O Google I/O 2026 foi mortalmente chato. Os palestrantes falaram sobre IA – é claro – tokens, agentes e outras coisas que me fizeram dormir. Até que fiquei chocado com Varun Mohan, do Google. Ele subiu ao palco e me deu um golpe psíquico para o qual eu não estava preparado quando ele incluiu Doom em sua parte da apresentação.
Mohan mostrou ao Google usando sua plataforma de desenvolvimento Antigravity para construir um sistema operacional e pediu para jogar Doom como uma espécie de teste de controle de qualidade. Não poderia porque faltavam drivers de vídeo e teclado, explicou ele. Mohan então solicitou que o Antigravity adicionasse os drivers necessários, o que ele fez, permitindo-lhe lançar o Freedoom, o jogo gratuito de código aberto baseado em um dos videogames mais influentes já feitos.
Doom é um jogo de tiro em primeira pessoa elementary, cheio de ação de matar demônios e diversão exagerada, enquanto a apresentação de I/O do Google foi um desfile sem vida de recursos de IA não solicitados. Como Lori Grunin da CNET escreveu em um resumo de suas coisas favoritas do I/Ohavia “muita coisa… que parecia problemática na melhor das hipóteses e distópica na pior”.
As ambições de Doom e de IA do Google são tão distantes conceitualmente que ouvi-los na mesma frase lado a lado dói. Essas ferramentas de IA nunca poderiam ter a engenhosidade ou criatividade necessárias para construir algo tão duradouro quanto Doom.

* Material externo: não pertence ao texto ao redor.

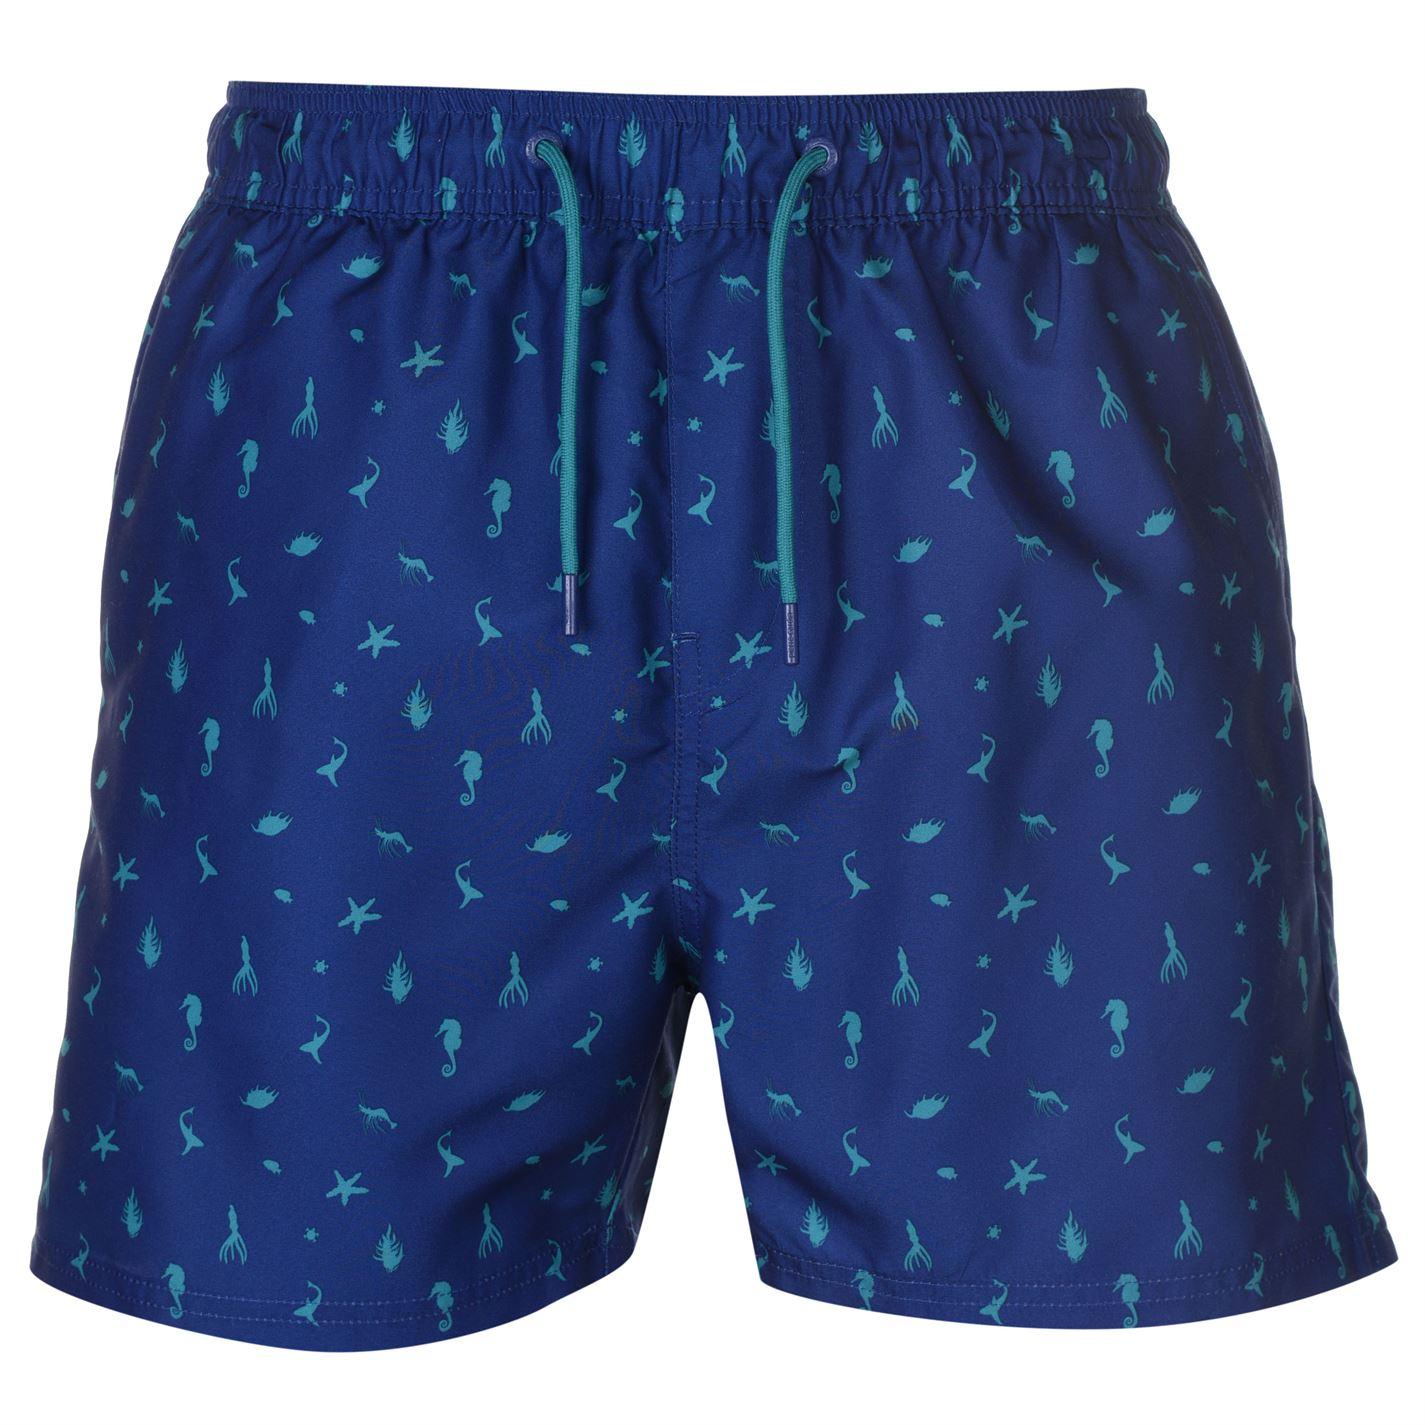 Pierre Cardin Sea AOP Swim Shorts Mens

Quando a Id Software program lançou Doom em 1993, seu design de níveis complexo foi uma grande conquista. O jogo apresentava paisagens variadas, portas trancadas, câmaras escondidas e até diferentes tipos de elevação dentro de um nível. Anos antes de GoldenEye 64 deixar sua marca no gênero de tiro em primeira pessoa, Doom introduziu labirintos de morte e destruição com corredores apertados e esconderijos estreitos, e a iluminação ajudou a tornar esses níveis, cheios de lugares para os inimigos se esconderem, parecerem verdadeiramente assustadores. A engenhosidade de seu design de níveis ainda é estudou hoje e continua a inspirar comunidades de jogadores e criadores que projetam níveis e modificam o jogo.
Varun Mohan do Google.
A direção de arte de Doom também foi única. Combinou influências de ficção científica, fantasia e heavy steel de uma forma que o fez parecer totalmente unique. É essencialmente um cruzamento entre Dungeons & Dragons, Alien de Ridley Scott e a banda Slayer. Essa visão criativa ajudou a moldar inúmeros jogos que se seguiram. Não consigo imaginar filmes como Occasion Horizon ou jogos como Halo sendo feitos sem Doom.
A atual gama de ferramentas de IA, no entanto, carece da criatividade necessária para avançar qualquer limite ou criar algo que pareça ter influência duradoura. Essas ferramentas dependem de transformar trabalhos anteriores em carne moída e remontá-los em um simulacro de novidade. Não há nenhuma visão de futuro envolvida, apenas derivados do que já foi feito.
Essa falta de criatividade ficou especialmente aparente enquanto eu observava os apresentadores tentarem exaltar a capacidade de Gêmeos de [checks notes] escreva e-mails e tenha ideias para atividades familiares. Não havia nada particularmente inspirador na tecnologia ou nas maneiras como o Google nos disse que poderíamos usá-la.
E claro, Doom foi um jogo unique emprestado de trabalhos anteriores, mas se baseou nessas influências para criar algo novo e duradouro. Essas ferramentas de IA não têm – e nunca terão – a engenhosidade para fazer algo com o poder de permanência de Doom. Em vez disso, eles apenas nos devolvem versões de coisas que já foram feitas, cobertas por um brilho estranho e assustador.
Para saber mais sobre o Google I/O 2026, aqui está o que você deve saber Aura do Projeto Google e o que saber sobre Pergunte ao YouTube.